# Portugueses criam aplicação para partilhar o estado do tempo



## David sf (24 Abr 2011 às 19:51)

> *Portugueses criam aplicação para partilhar o estado do tempo*
> 
> 
> As previsões meteorológicas nem sempre são suficientes. Foi com esta ideia em mente que dois portugueses criaram uma aplicação para iPhone que permite aos utilizadores partilhar informação sobre o estado do tempo nos locais onde se encontram.
> ...



http://www.publico.pt/Tecnologia/po...acao-para-partilhar-o-estado-do-tempo_1491146


----------



## Mário Barros (24 Abr 2011 às 20:17)

Agora esperemos que o sistema não se baseei no accuweather


----------



## ijv (24 Abr 2011 às 20:32)

Vai ser mais uma aplicação aqui para o meu iphone, venha ela


----------



## Knyght (24 Abr 2011 às 21:00)

Foreca é muito bom, quem quiser que vaia experimentando


----------



## ]ToRnAdO[ (2 Mai 2011 às 22:17)

Boas,

O que eu queria mesmo era o doppler do IM a funcionar no telemovel... isso sim seria uma mais valia para as caçadas.

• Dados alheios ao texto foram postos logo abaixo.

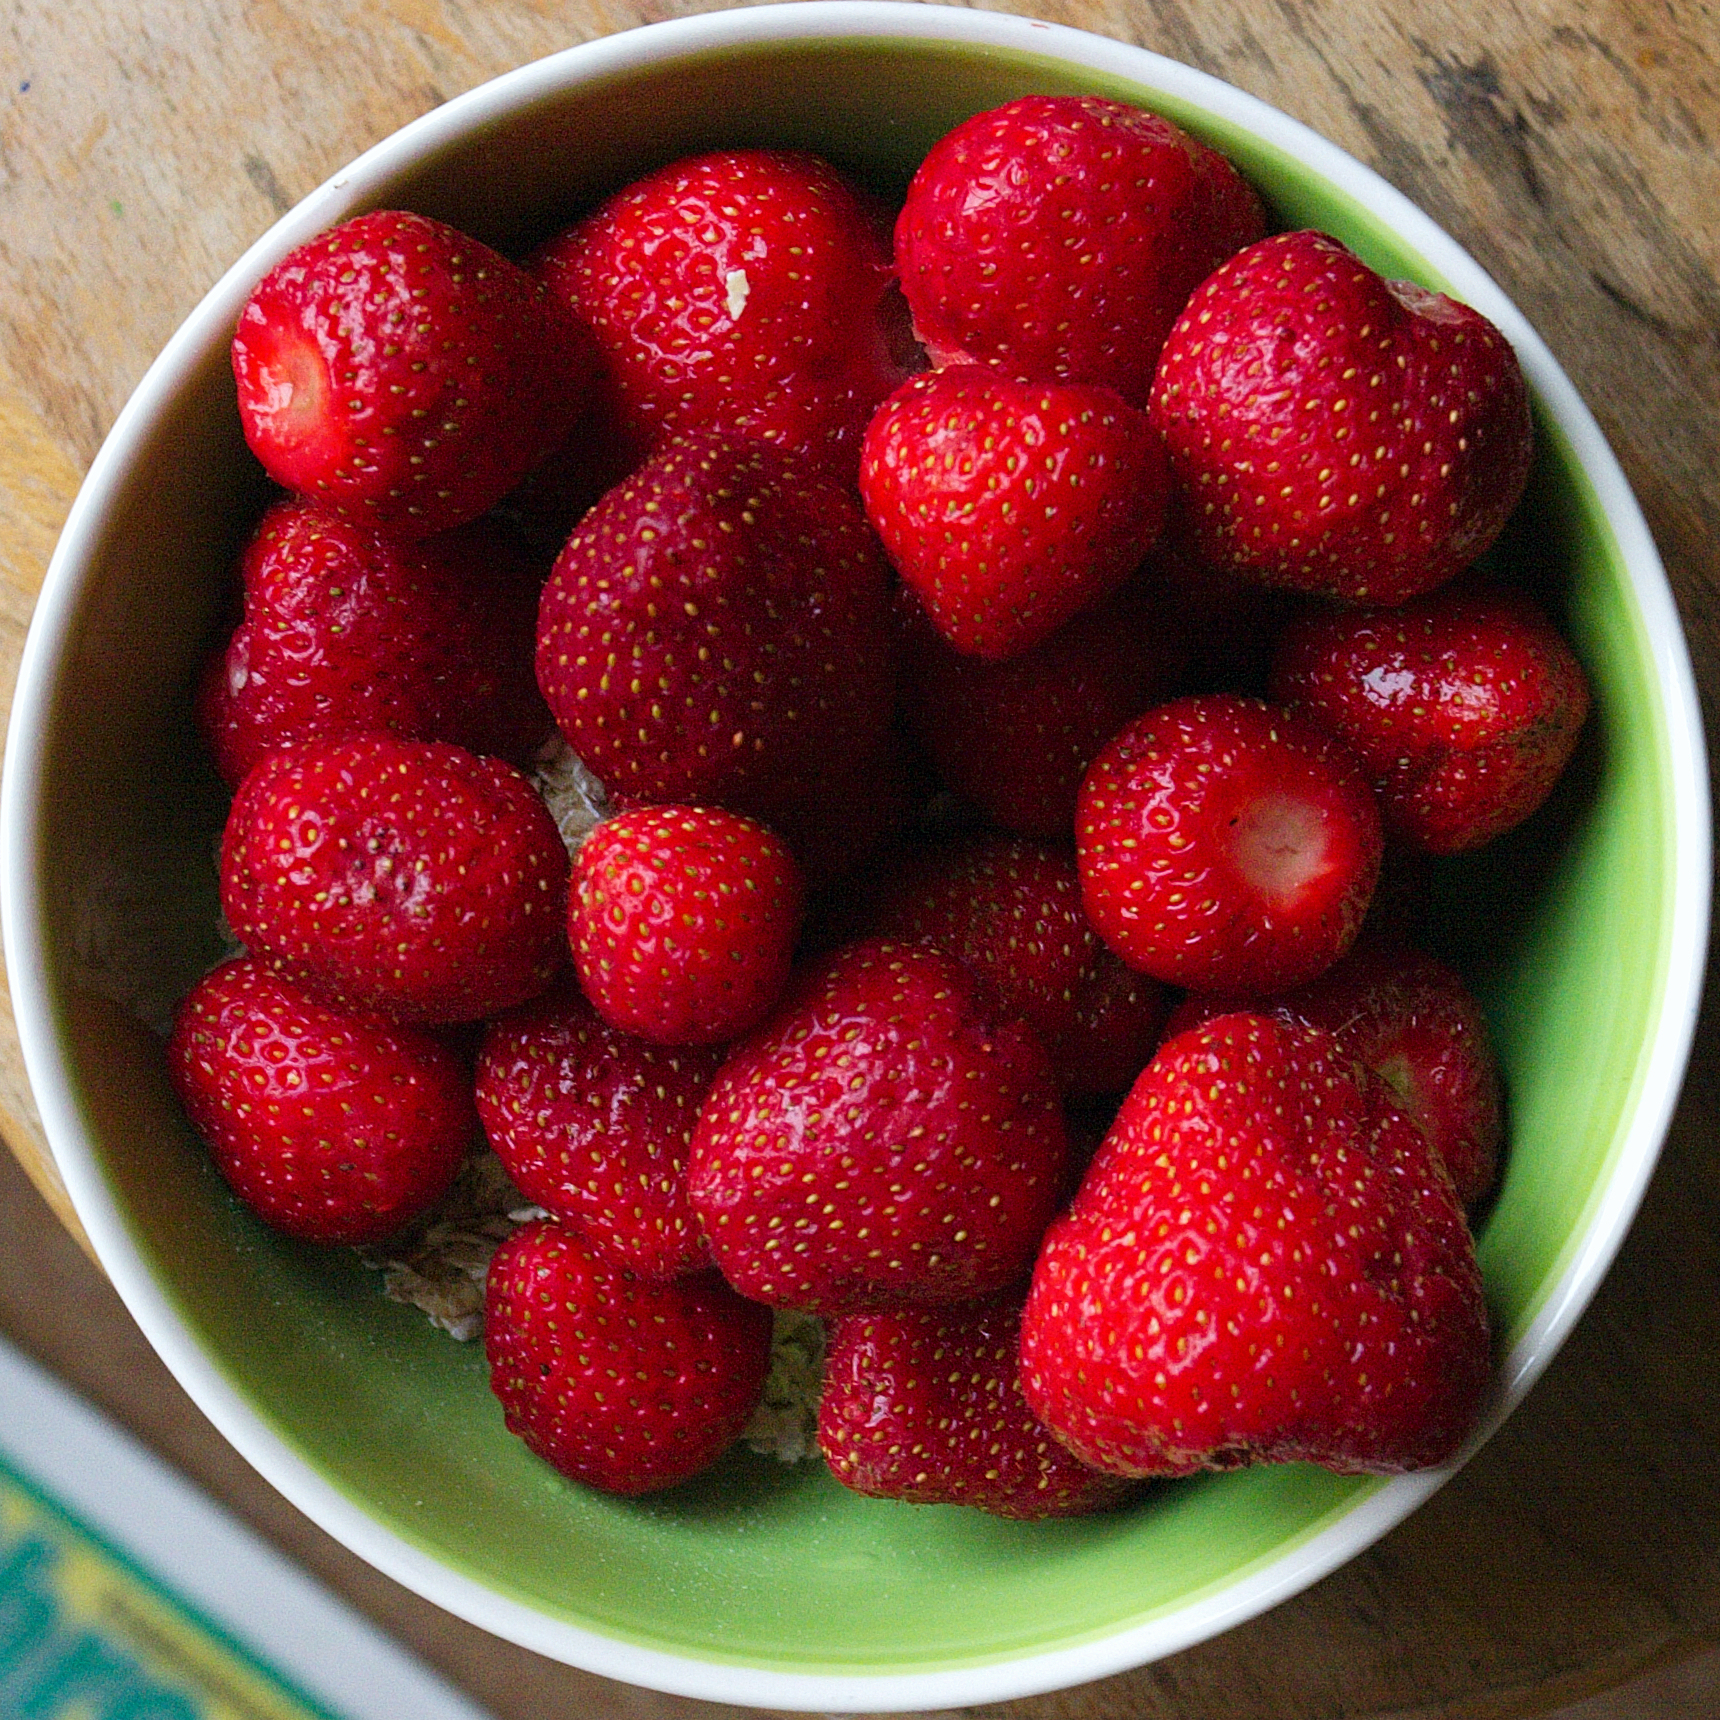 File:Bowl of strawberries.jpg - Wikimedia Commons

Tal como no States. Mas não só para IPhones e tretas do generos, mas tambem para todos os telemoveis tacteis!! como Samsung C3300 entre outros modelos mais fracos dos chamados SmartPhones!!


----------



## HotSpot (2 Mai 2011 às 23:37)

]ToRnAdO[;277665 disse:
			
		

> Boas,
> 
> O que eu queria mesmo era o doppler do IM a funcionar no telemovel... isso sim seria uma mais valia para as caçadas.
> 
> Tal como no States. Mas não só para IPhones e tretas do generos, mas tambem para todos os telemoveis tacteis!! como Samsung C3300 entre outros modelos mais fracos dos chamados SmartPhones!!



Quem não tem cão, caça com gato:

http://www.meteomoita.com/index.php/radar-de-precipitacao
http://m.meteomoita.com/m_radar.php
http://www.meteomoita.com/radar/radar.jpg


----------